I think it sounds great! As long as you offer to pay for her to visit I wouldn't worry about it. I was at boarding school at 16 and throughout university whilst my parents lived abroad, it was great - got to visit different countries, loads of fun and they were only ever a phone call away!

TheABC · 26/10/2018 21:21

Do it. I was traveling in India for 6 months at 19! Keep talking to your DD and have a few back up plans in place, such as someone in the UK who can step up for emergencies and what she will do over the summer break. She sounds settled in her uni life and I think you will regret not going.

squadronleader87 · 26/10/2018 21:27

@Allotmenteer101 West Africa. Not as far geographically but not particularly easy to get to/from. I missed my family, of course, but I was pretty independent and saw it all as a big adventure.

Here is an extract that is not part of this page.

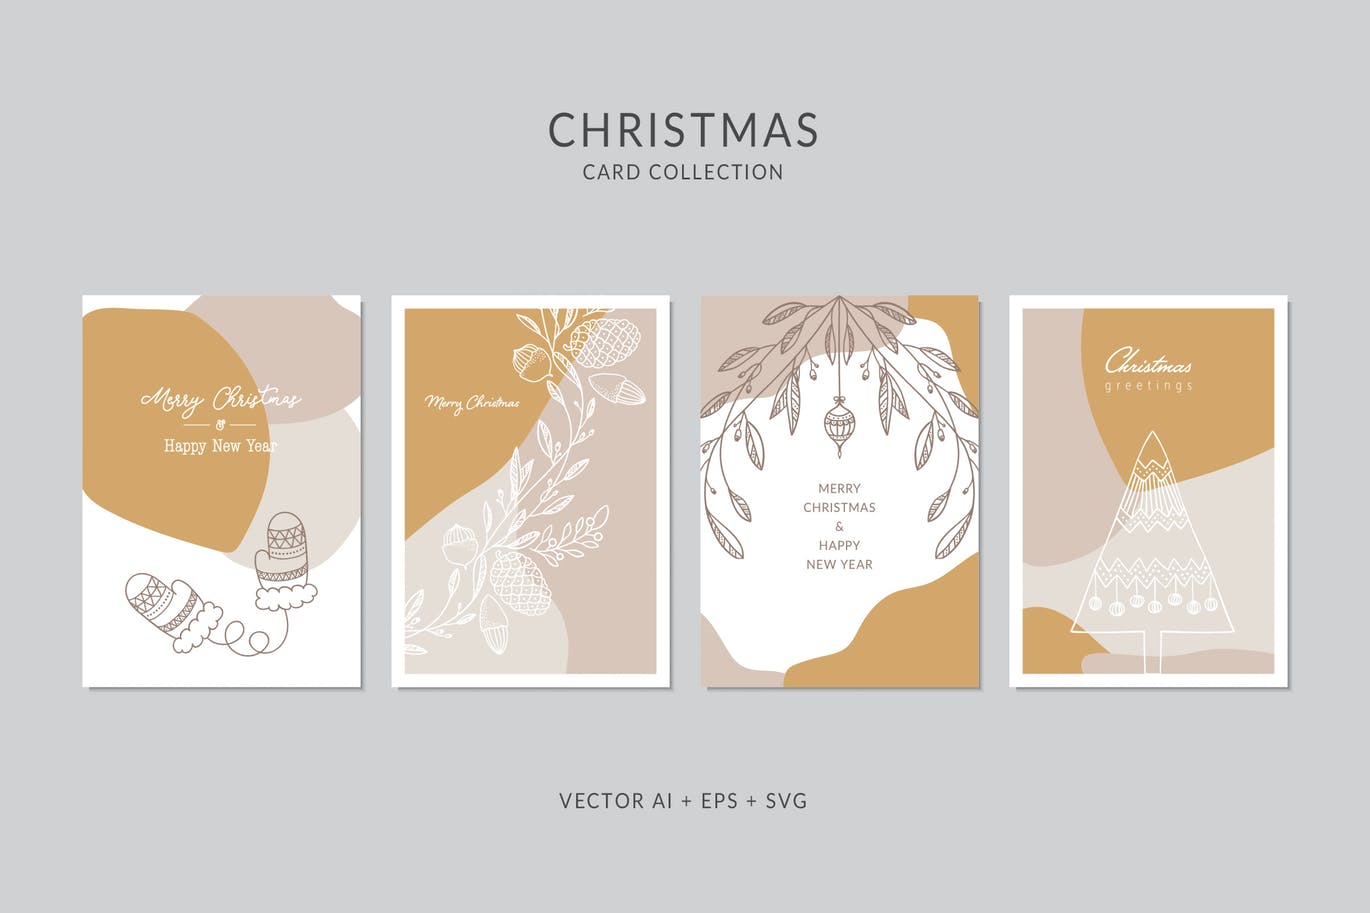 创意三色设计风格圣诞节贺卡矢量设计模板集v6 Christmas Greeting Card Vector Set插图

squadronleader87 · 26/10/2018 21:31

@Allotmenteer101 I should add this was over a decade ago so communication was much harder than it is now. We mostly texted or used Skype on the rare occasion it worked!

Viviene · 26/10/2018 21:37

Shanghai is 11hrs flight and it utterly sucks in economy class but it's madness to be paying for business. I'd never commit to making that trip in a regular basis.
Time difference will be the biggest problem day to day life, you realistically will not be able to be there for her at the end of a horrible day as it will be in the middle if the night your time.

Allotmenteer101 · 26/10/2018 21:41

Thank you @squadronleader87. It's so good to hear from people who have experienced it.

Over the summer, I assume she would come out to us and then we could all go on holiday together...

Thank you all so much for your comments. Reading them has successfully prevented me from doing housey stuff all day!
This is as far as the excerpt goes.